BOOK REVIEW: The Truth About Peacock Blue by Rosanne Hawke

Review by student: Charlotte Kowald   star-128star-128star-128star-128

the-truth-about-pb‘The Truth About Peacock Blue’ by local author Rosanne Hawke tells the story of Aster, a Christian girl living in Pakistan. When her older brother dies, Aster is sent to a Muslim high school as the ‘hope of the family.’ Her being Christian in a Muslim community does not agree with some of the students and teachers there. One particular teacher is making life even more difficult for Aster, determined to either convert her religion or get rid of her. After not very long, Aster is accused of blasphemy by her teacher and she is arrested. Meanwhile, in Australia, Aster’s cousin Maryam is writing a blog about what Aster is going through in an effort to help out. This is a dangerous move, and many people online disagree with Maryam, but she is willing to do anything to bring about change.

I’ve read most of Rosanne Hawke’s books, and this is definitely one of my favourites.

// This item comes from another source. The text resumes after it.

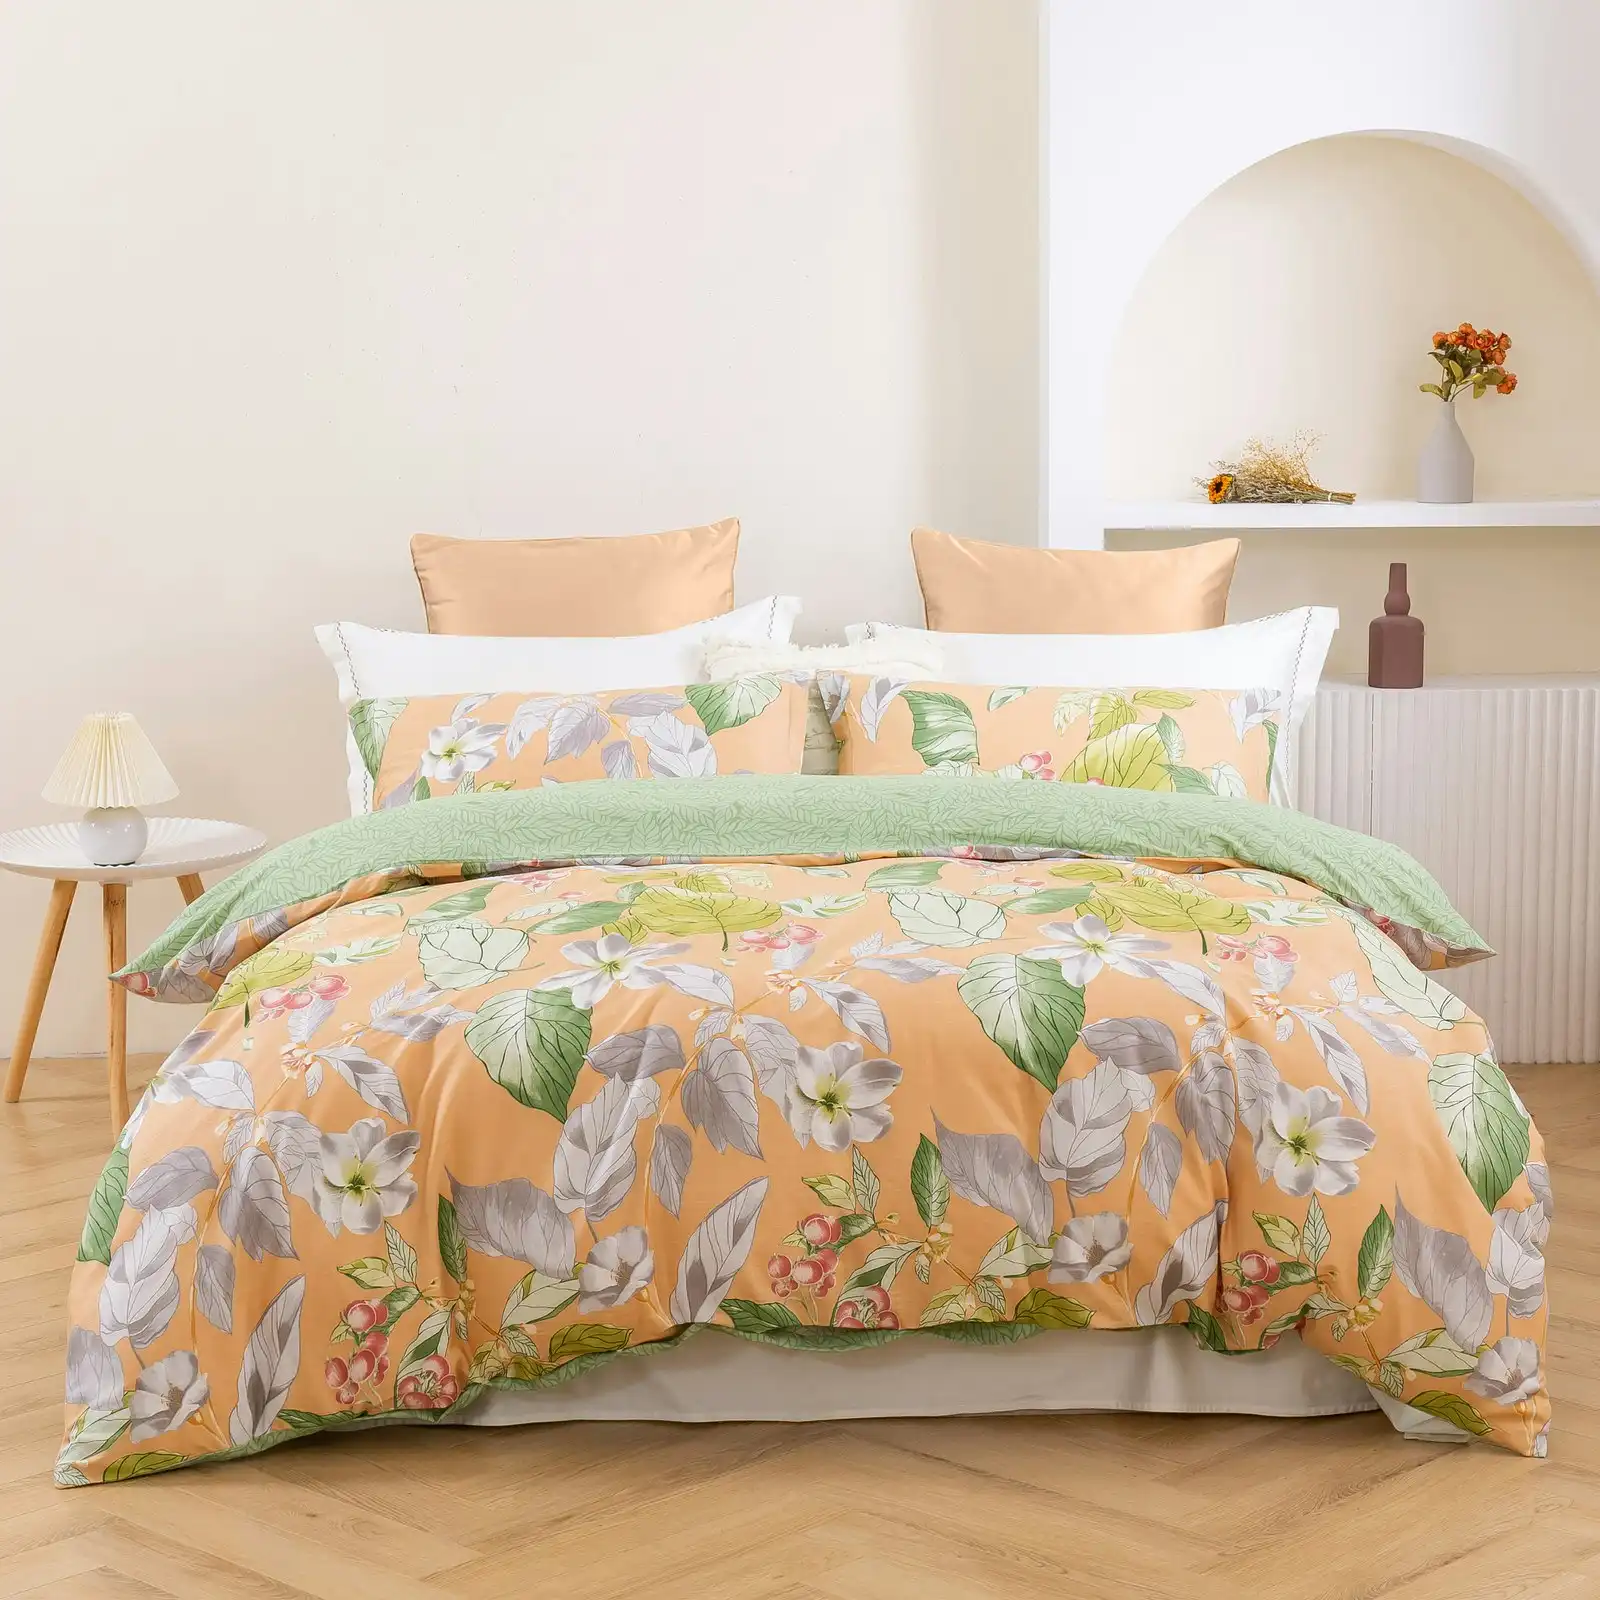 Dreamaker Peach Lily 100% Cotton Reversible Quilt Cover Set Double Bed

It was a really engaging book, covering topics that I personally haven’t read much about. One of the things that I found the most interesting was Maryam’s blog. Those particular pages in the book showed not only her blog posts but also the comments. The comments showed the general public’s reception to what Maryam was writing, giving more perspective to the events of the book than just what one or two people were seeing. There were also sections in the book written as if they were Facebook conversations, which I found equally as interesting. When Aster could do nothing about her situation, you still had an idea of what everyone else was doing to try and help.

Towards the end of the book, the storytelling by Aster became more vague. While this could be a complaint with the book, I’m sure that it was intentional as I believe it added to the character and the situation. My only issue is with the ending. I would have liked a little more resolution than what we were given and while the ending is hopeful, I wouldn’t say that is much of a conclusion. This again, is probably intentional but in light of everything that Aster went through in the book I feel like the character deserved a bit more. Otherwise, ‘The Truth About Peacock Blue’ is very relevant to the issues in our world today and is a wonderful story that is definitely worth reading.